On the 10th, Wright's mother Anna signed the deed for the property. By using Anna's name, Wright was able to secure the  property without attracting any attention to the affair. Late in the summer, Mamah Borthwick (having divorced Cheney and legally reverting to her maiden name) quietly moved into the property, staying with Wright's sister, Jane Porter, at her home, Tan-y-Deri. However, Wright and Borthwick's new property was discovered by a Chicago Examiner reporter that fall, and the affair made headlines in the Chicago Tribune on Christmas Eve.

Taliesin I

At Taliesin, Wright wanted to live in unison with Mamah, his ancestry, and with nature. He chose only local building materials. The house was designed to nestle against the hill, in an example of Wright's "organic architecture". The bands of windows, one of his trademarks,  allow  nature to enter the house. The transitions from interior to exterior are fluent, which was radical at the time. "I attend the greatest of churches. I spell nature with a capital N. That is my church" (TV interview in 1957).

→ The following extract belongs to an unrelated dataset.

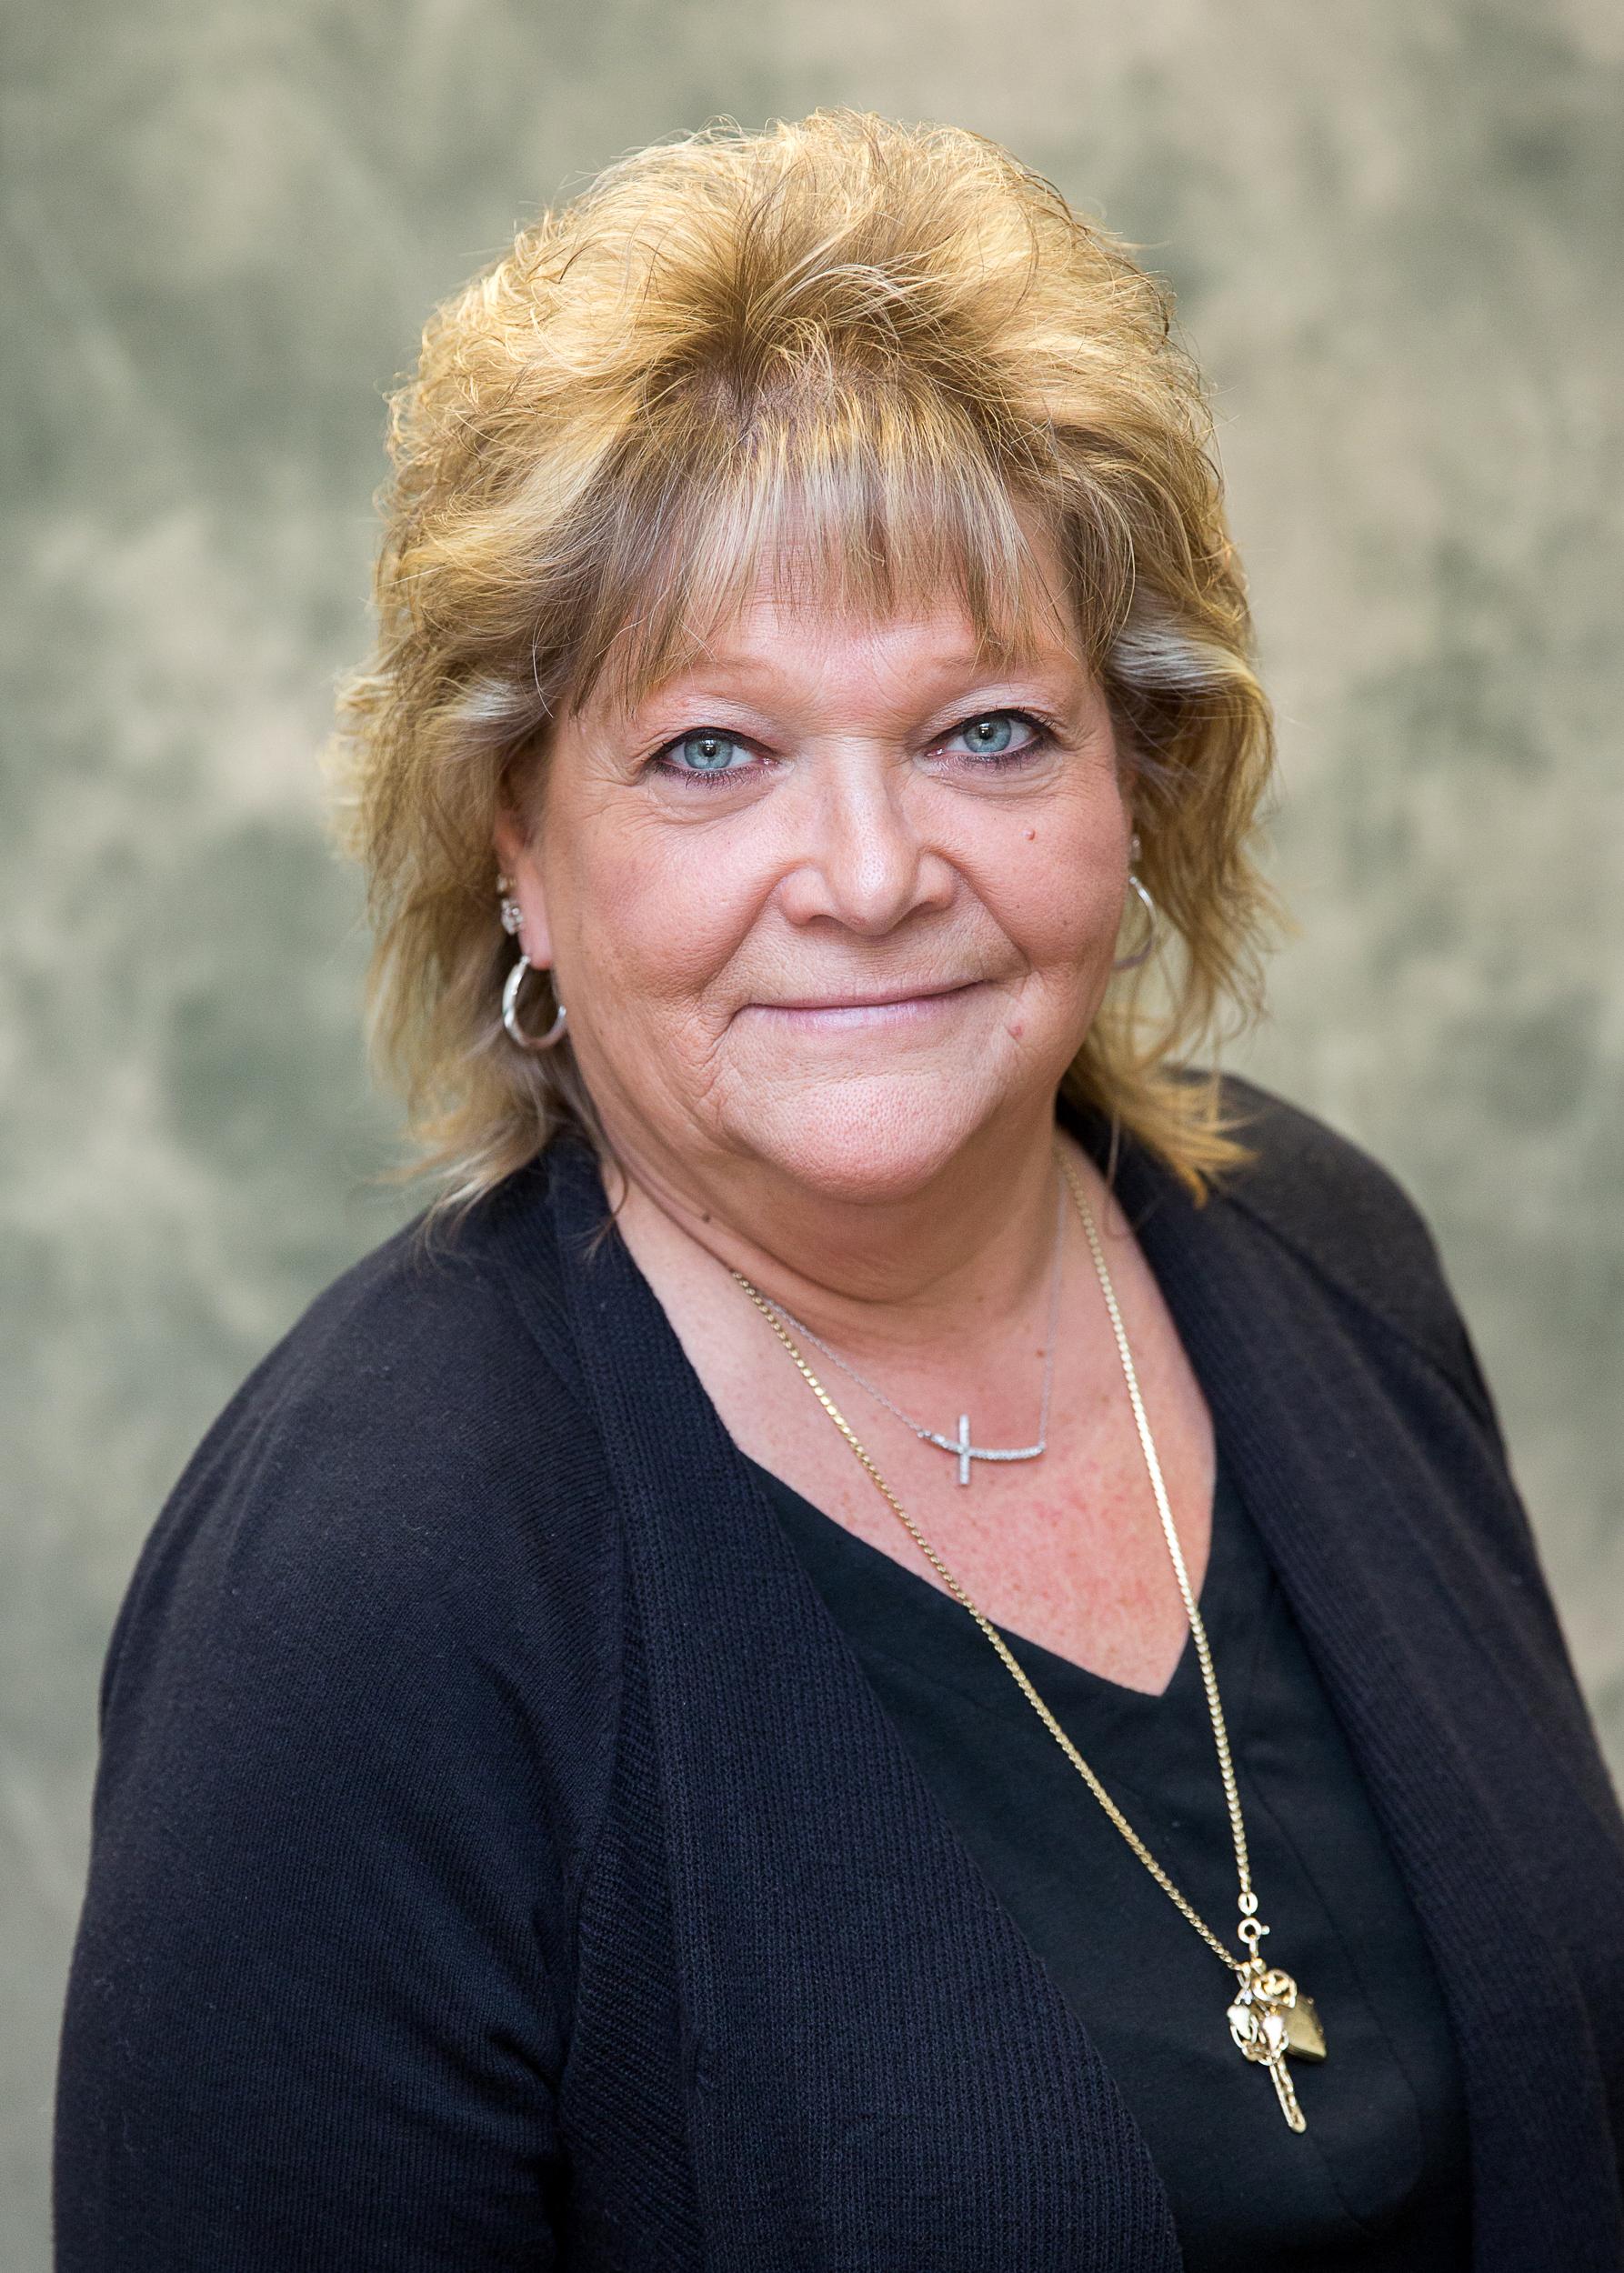 Mary Mannino, Receptionist

The Taliesin house had three sections: a long section on the east, which held the residential wing (where Wright and Borthwick lived); a long section on the west, which held the agricultural wing; and a section connecting these two, the office wing. The office wing held the drafting studio and workroom, and an apartment for the head draftsman. This apartment may have originally been intended for Wright's mother. Typical of a Prairie School design, the house was, as Wright described, "low, wide, and snug." As with most of his houses, Wright designed the furniture. The one-story complex was accessed by a road leading up the hill to the rear of the building. The estate gateway was on County Road C, just west of Wisconsin Road 23. Iron entry gates were flanked by limestone piers capped with planter urns.

Wright chose yellow limestone for the house from a quarry of outcropping ledges on a nearby hill. Local farmers helped Wright move the stone up the Taliesin hill. Stones were laid in long, thin ledges, evoking the natural way that they were found in the quarry and across the Driftless Area. Plaster for the interior walls was mixed with sienna, giving the finished product a golden hue. This caused the plaster to resemble the sand on the banks of the nearby Wisconsin River.

The outside plaster walls were similar, but mixed with cement, resulting in a grayer color. Windows were placed so that sun could come through openings in every room at every point of the day. Wright chose not to install gutters so that icicles would form in winter. Shingles on the gradually-pitched roof were designed to weather to a silver-grey color, matching the branches of nearby trees. A porte-cochère was built over the main entrance of the living quarters to provide shelter for visiting automobiles. The finished house measured approximately  of enclosed space.

Life at Taliesin
Upon moving in with Borthwick in the winter 1911, Wright resumed work on his architectural projects, but he struggled to secure commissions because of the ongoing negative publicity over his affair with Borthwick (whose ex-husband, Edwin Cheney, maintained main custody of their son and daughter). However, Wright did produce some of his most acclaimed works during this time period, including the Midway Gardens in Chicago and the Avery Coonley Playhouse in Riverside. He also indulged his hobby for collecting Japanese art, and quickly became a renowned authority. Borthwick translated four works from Swedish difference feminist Ellen Key.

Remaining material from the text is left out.